Но я видел ее! Видел Оне, видел в углу этого вытянутого сумрачного, по-осеннему сырого кабинета, возле узкого, но удлиненного, как в храме, двустворчатого окна, взглядом грустных (а то и злых, обиженных), вернее, всегда чем-то испуганных глаз пересчитывающую серые булыги двора; что она видит там? Может, грозно подкрадывающийся вечер, когда какой-то студент попросил — нет, потребовал — подвезти; и то, как ни с того ни с сего посыпались выстрелы — точно горсти гороха — в черную жесть любавской ночи?
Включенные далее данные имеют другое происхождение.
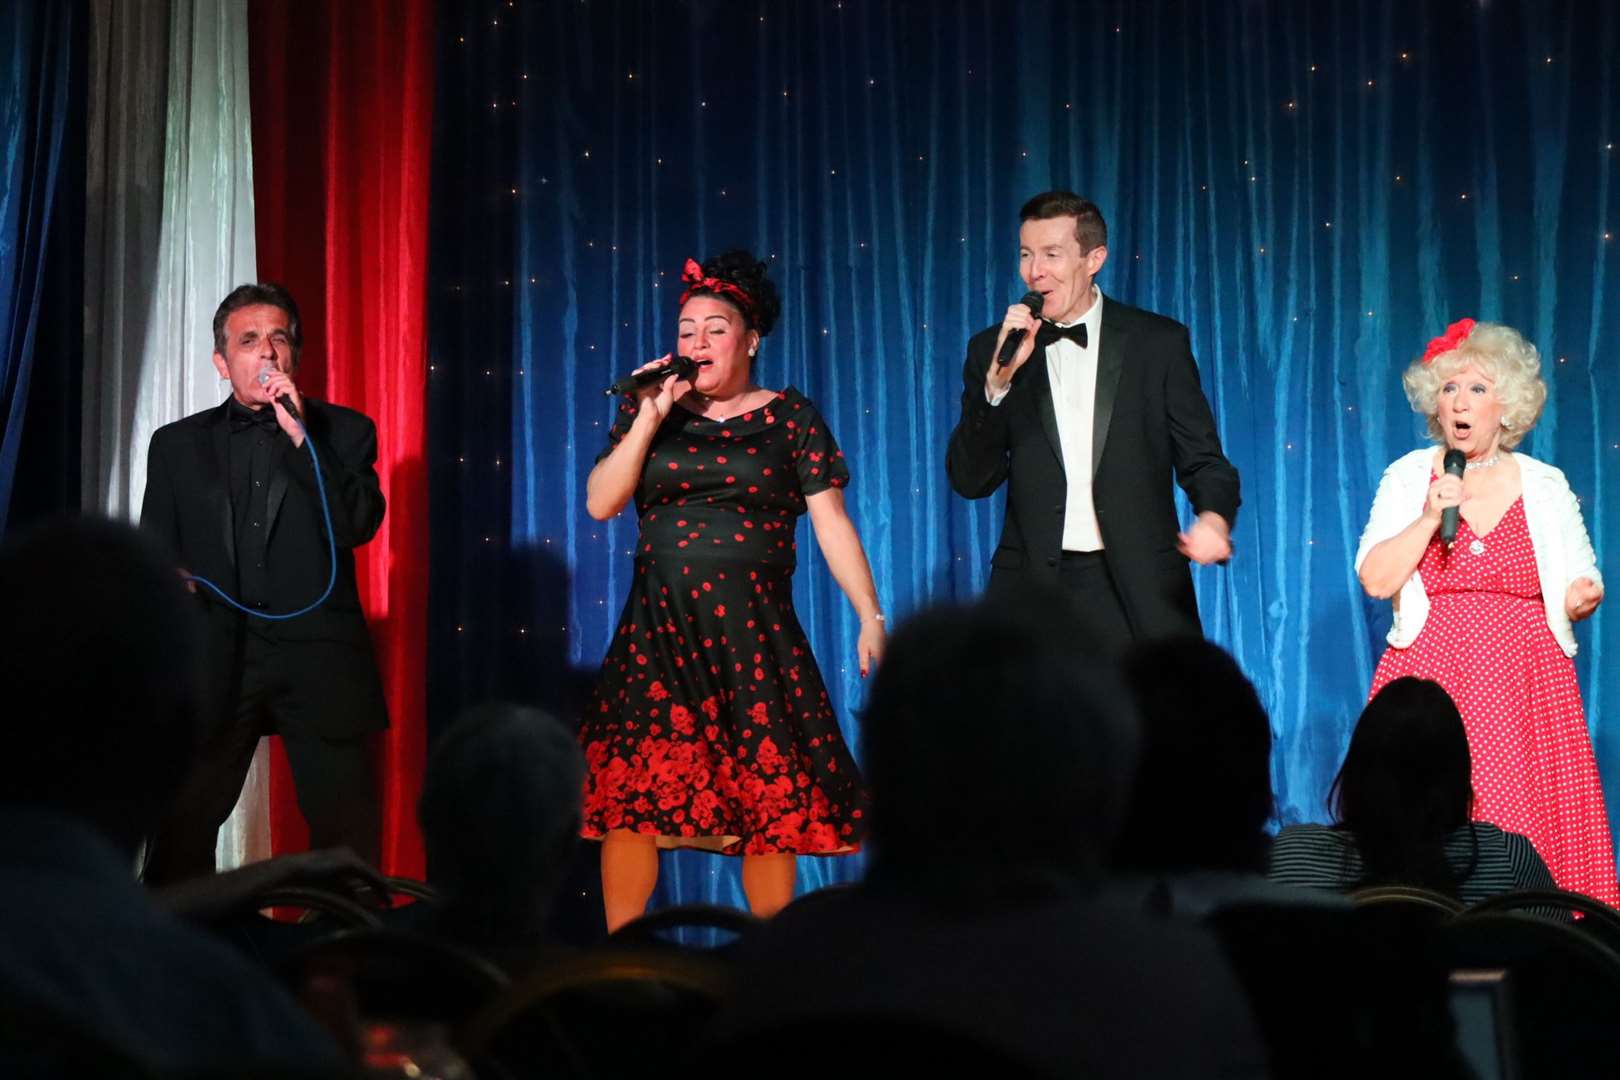 Mike Marandi, Annie Riley, Lloyd Ellery and Kate Carman in Oh Boy! at the Criterion Theatre, Blue Town, Sheerness

Или то, как он пришел в сознание и… Может, она слышит эти наши ночные (по-моему, нас всегда окружала ночь) разговоры — это «пусти!» и «убьют!» и о мальчишке Ализасе, вспоминает злополучный «вальтер», книжку Чюрлёниса… Мне так охота полетать… на белых этих крыльях… Тебе, Оне? Зачем тебе крылья? Прости, но ты, по-моему, малость тяжеловата для полета, твои ступни прямо-таки прилипли к земле… к кулацкому суглинку Райнисовой усадьбы… И твои клумпы, Оне, твои мужицкие башмаки слишком глубоко увязли в липком месиве той поры…
«Тяжеловата? Неужели? — будто услышал я и вздрогнул. — А для тех, других дел гожусь?..» И вновь почувствовал, как горит щека — куда она плюнула, услышал: «Ко-он-чим…» — и снова, будто вырвавшись из плена (а действительно — из плена ли?), Глуоснис той поры целиком спрятался в воротник; но я все еще был там. Там, откуда пришел, — в комнате Шачкуса, сплющенный, точно гриб, все на той же лавке, куда меня посадил Шачкус; вбежал белобрысый парнишка.
«Ну как, товарищ начальник? — спросил он, кивнув в мою сторону: быть может, мы с Шачкусом малость поцапались?.. — Разговаривать не желает?»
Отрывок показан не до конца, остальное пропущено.